[Date Prev][Date Next][Thread Prev][Thread Next][Date Index][Thread Index]

Re: [edict-jmdict] RE: parsing submission data



G'day all,

Back home now, and a huge amount of catching-up to do...

On 12/07/07, Stuart McGraw <smcg4191@frii.com> wrote:

Hope you {are having / have had} a very enjoyable trip, Jim.

Great. Wait till you see the pictures (about 1500 of them - my wife has
a new camera). I managed to survive two weeks without even looking at email.

 On June 20, 2007, Jim Breen wrote:

 > - for setting up the tagging on kana, we could have something like
 > [rinf=ik,restr=KANJI] or [rinf=ik,restr="KANJI1,KANJI2"]

 In other places in the language (e.g. note="...", lsrc="...", etc.),
 quoted strings are treated as single lexical tokens.  It seemed
 more consistent to maintain that behaviour consistently thoughout
 the language.  It is also simpler to do it that way because if not,
 then either one has to add yet another state to the lexer (i.e.
 make it behave differently when parsing a quoted string following
 a "restr=" or "xref=" tag than in other places), or do 2 levels of
 parsing: use a second parser to reparse the quoted string when
 it occurs in restr or xref value.

 > -I wonder about having semicolons inside the [....] structures

 Without the quotes (which were awkward as I mentioned above)
 commas were a problem because in "adv,restr=str1,str2,adj" for
 example, is "str2" part of the restr list, or an independent tag
 like "adj"?  One could look at "str2" and disambiguate depending
 on whether it contained japanese characters (since all restr and
 xref values will have japanese text values and none of the other
 tags do) but using something other than a comma seemed simpler:
 "id,restr=str1;str2,adj" is not ambiguous.  Semicolons seemed best
 for this since that what is used to separate the kanji and kana items
 in the kanji and reading sections so there is some degree of
 consistency in that choice.

Yes, that's quite clear. Semicolons make a lot of sense there.
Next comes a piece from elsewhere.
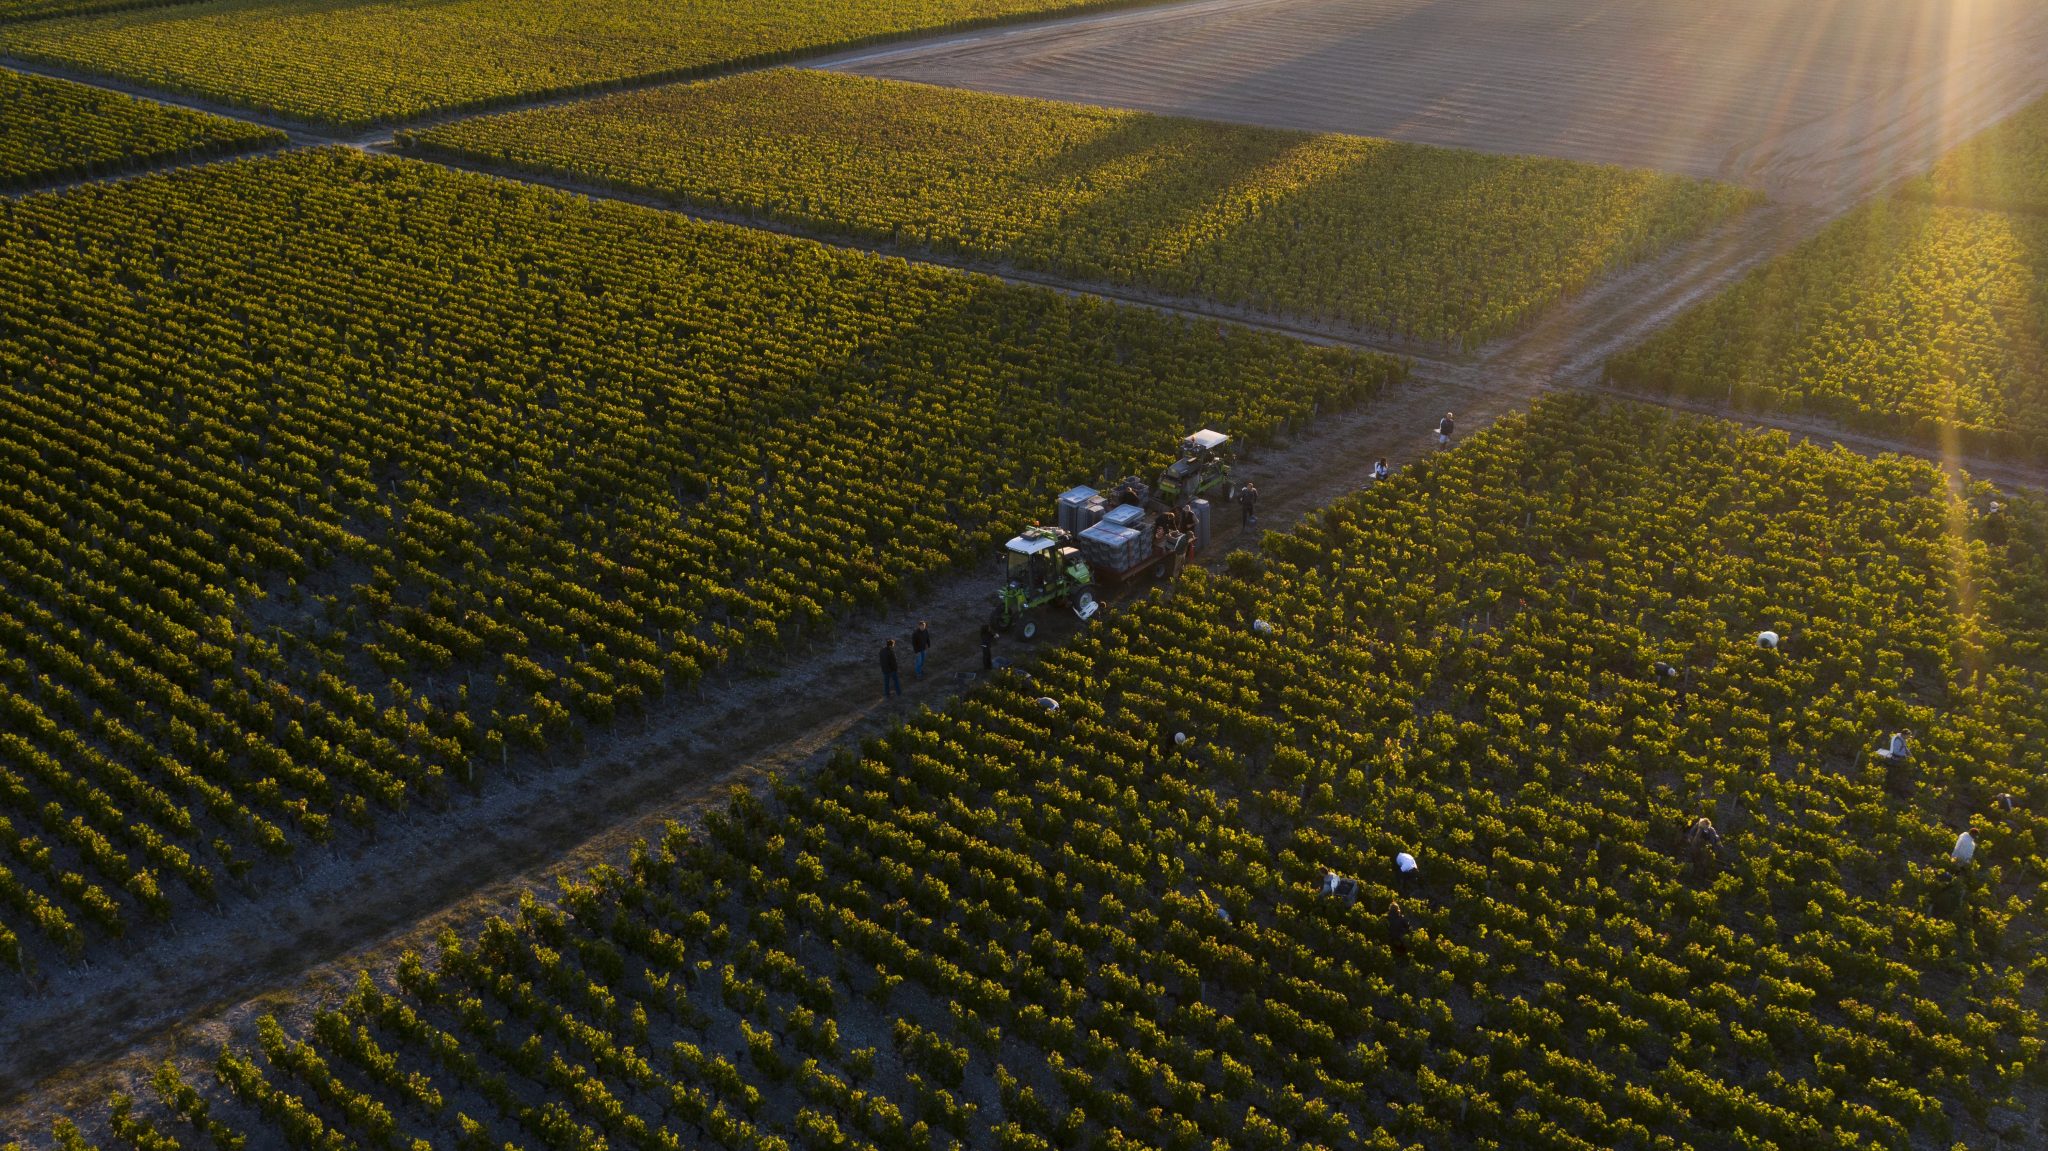 Bordeaux en primeur 2021 fields of grapes 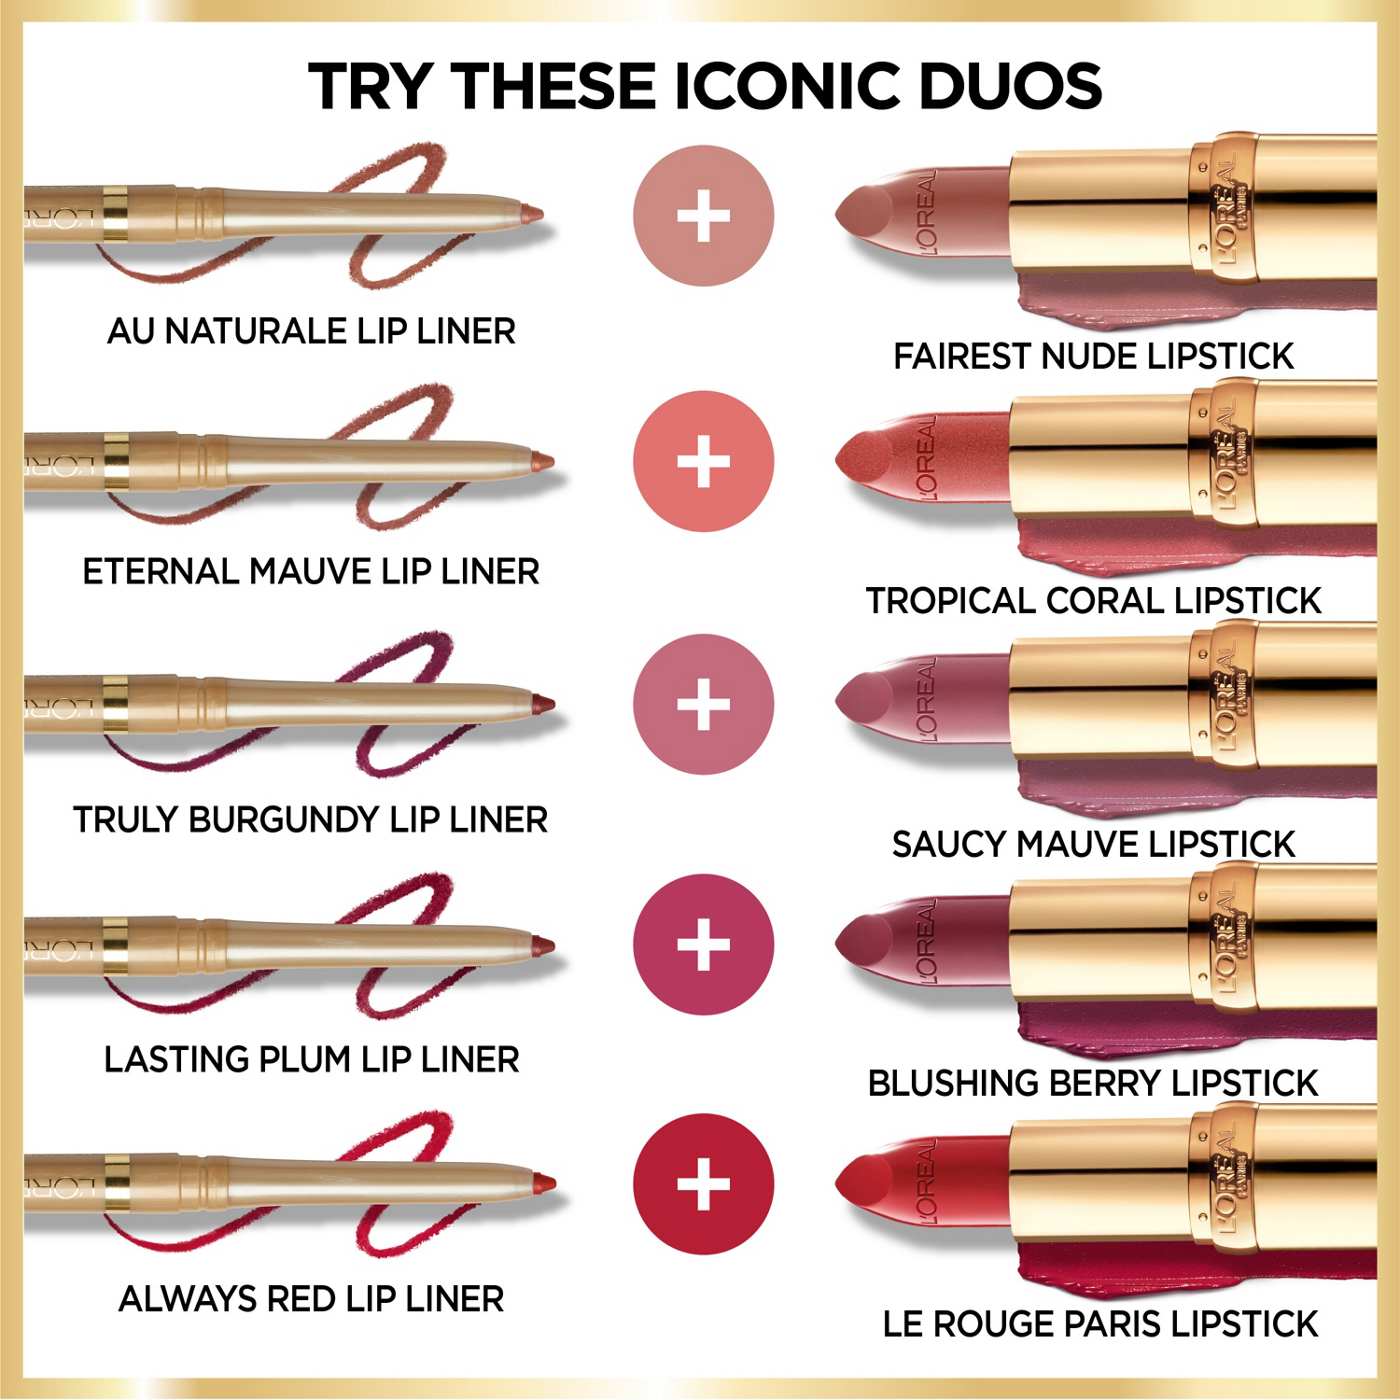 L'Oréal Paris Colour Riche Original Satin Lipstick - Plum Explosion; image 2 of 4

 > - I guess there could be an implied [1] at the start of the senses box. An empty
 > box could even be preloaded with it.

 Already done :-)  Before I left, I changed the database on Arakawa
 to add an Edit button to each displayed entry.  The Edit and New Entry
 (http://www.edrdg.org/~smg/cgi-bin/edform.pl) pages were changed
 to use the input language parser and I did what you suggest -- the
 Sense box is preloaded with "[1][n]".

 The Help links on those pages don't work yet but the language is the
 same as described in the original test page:
   http://www.edrdg.org/~smg/cgi-bin/jbparser.pl
 and the pages work -- you can add and edit entries using them (although
 I didn't have time to give them any real testing).  I'll start working on this
 again in a few days (just got home yesterday and need a few days to
 unwind :-)

I know the feeling. I need to get my Cyrcadian rhythm sorted out too. Waking at
3am is not great.

Jim
--
Jim Breen
Honorary Senior Research Fellow
Clayton School of Information Technology,
Monash University, VIC 3800, Australia
http://www.csse.monash.edu.au/~jwb/